Reformar o Estado não é passar massa de reboco nos andares dos edifícios governativos, como se tem feito, aqui e ali, em momentos de tensão. Abriga tarefas hercúleas nos três Poderes que integram a estrutura de governo e envolvem questões estratégicas, definições que mudam até o modus operandi do regime, rotinas, práticas e costumes dos entes administrativos. Na esfera estratégica, um dos primeiros movimentos é na direção das funções do Estado, com a distinção entre suas atividades exclusivas (legislar, regular, julgar, policiar, fiscalizar, definir políticas, fomentar), os braços sociais e a produção de bens e serviços, visando a buscar novos modelos de desenvolvimento. A título de ilustração, essa questão não está clara na atual administração, pois o conceito de privatização é demonizado, apesar de o programa de concessões apontar para uma tomada de posição privatista repudiada pelo petismo. Não se trata, como ideólogos radicais enxergam, de defender o Estado mínimo ou combater o Estado máximo, mas fortalecê-lo para que consiga aperfeiçoar sua ação reguladora, a par de qualificar serviços e políticas sociais. A modelagem de cunho social-liberal é, seguramente, a mais adequada para gerar eficácia nas ações estatais e estimular a competição no campo privado. (O peso do conceito liberal, eis o busílis.)
 
Entre as engrenagens capazes de conferir maior velocidade ao motor do Estado, algumas são bem conhecidas.
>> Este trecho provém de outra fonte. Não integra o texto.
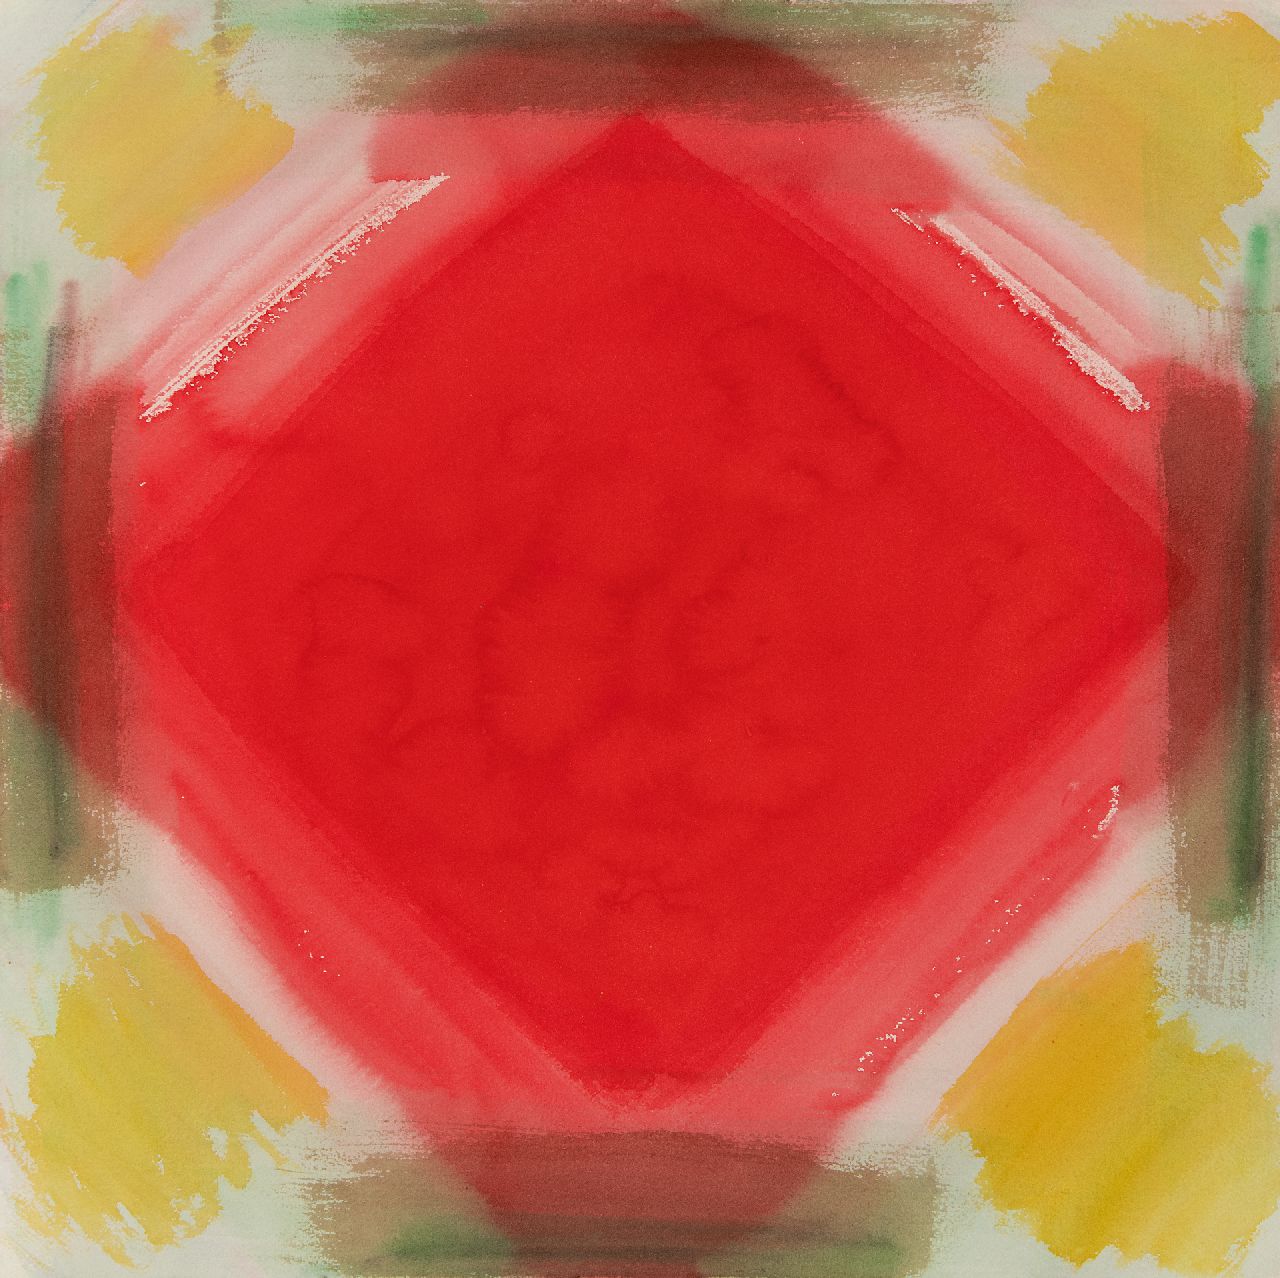 Nie E. de | Eric de Nie | Watercolours and drawings offered for sale | Kaleidoscoop, watercolour on paper 56.5 x 56.5 cm, signed on the reverse and executed 1987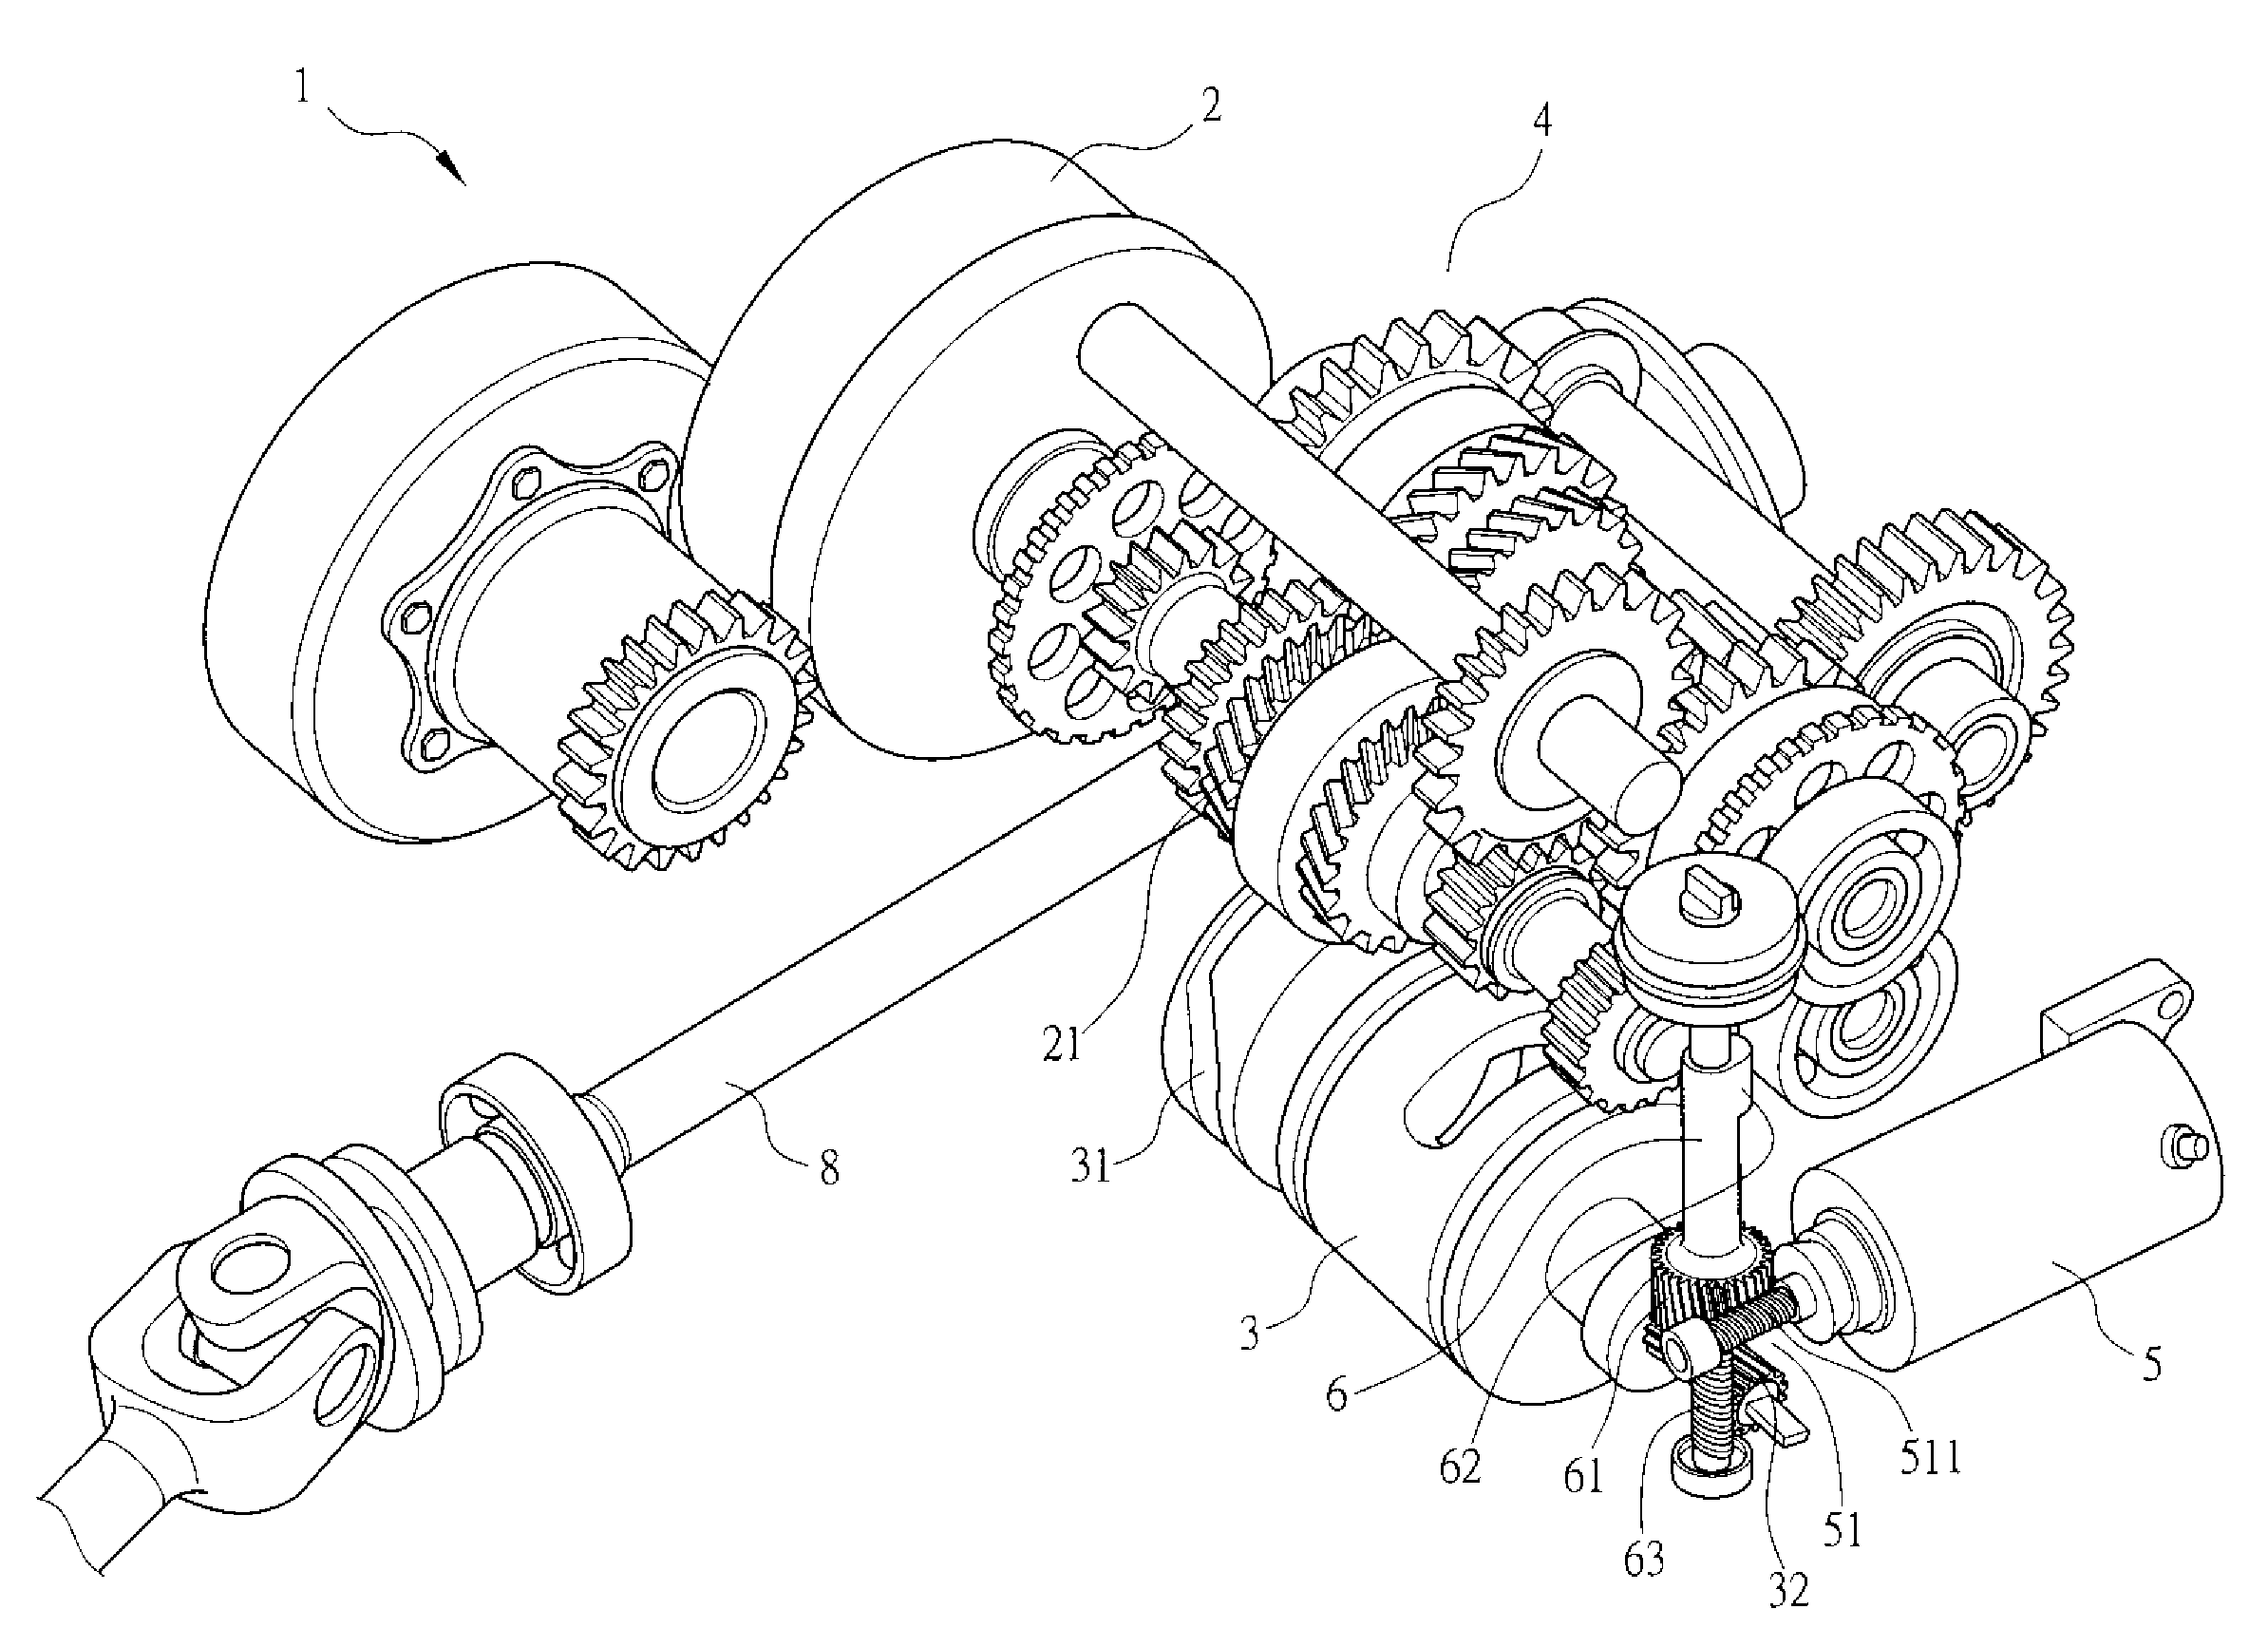 Gear-shifting structure for vehicle

A meritocracia, por exemplo. Por que não implantar, de cima para baixo, a política do mérito, exigindo quadros profissionais qualificados, adequados às funções, treinados nas habilidades gerenciais? O atendimento político, por sua vez, deveria restringir-se às áreas específicas e, caso se levante o argumento da preservação do presidencialismo de coalizão, os partidos deveriam indicar perfis técnicos condizentes com os cargos. A gestão passaria por um banho de capacitação em todas as instâncias. Ao servidor público, mais valorizado, seria propiciada motivação profissional, a partir de remuneração condizente com o mercado de trabalho. O excesso burocrático seria contido, evitando-se a escadaria dos papéis e o retardamento das ações e decisões. Na frente da Previdência, urge consolidar uma política voltada para tampar os buracos do sistema, de forma a equilibrar as contas do Estado.
 
O que falta para preencher cada lacuna? Vontade política, senso de oportunidade, autoridade e liderança. Luzes que deveriam iluminar a direção do País.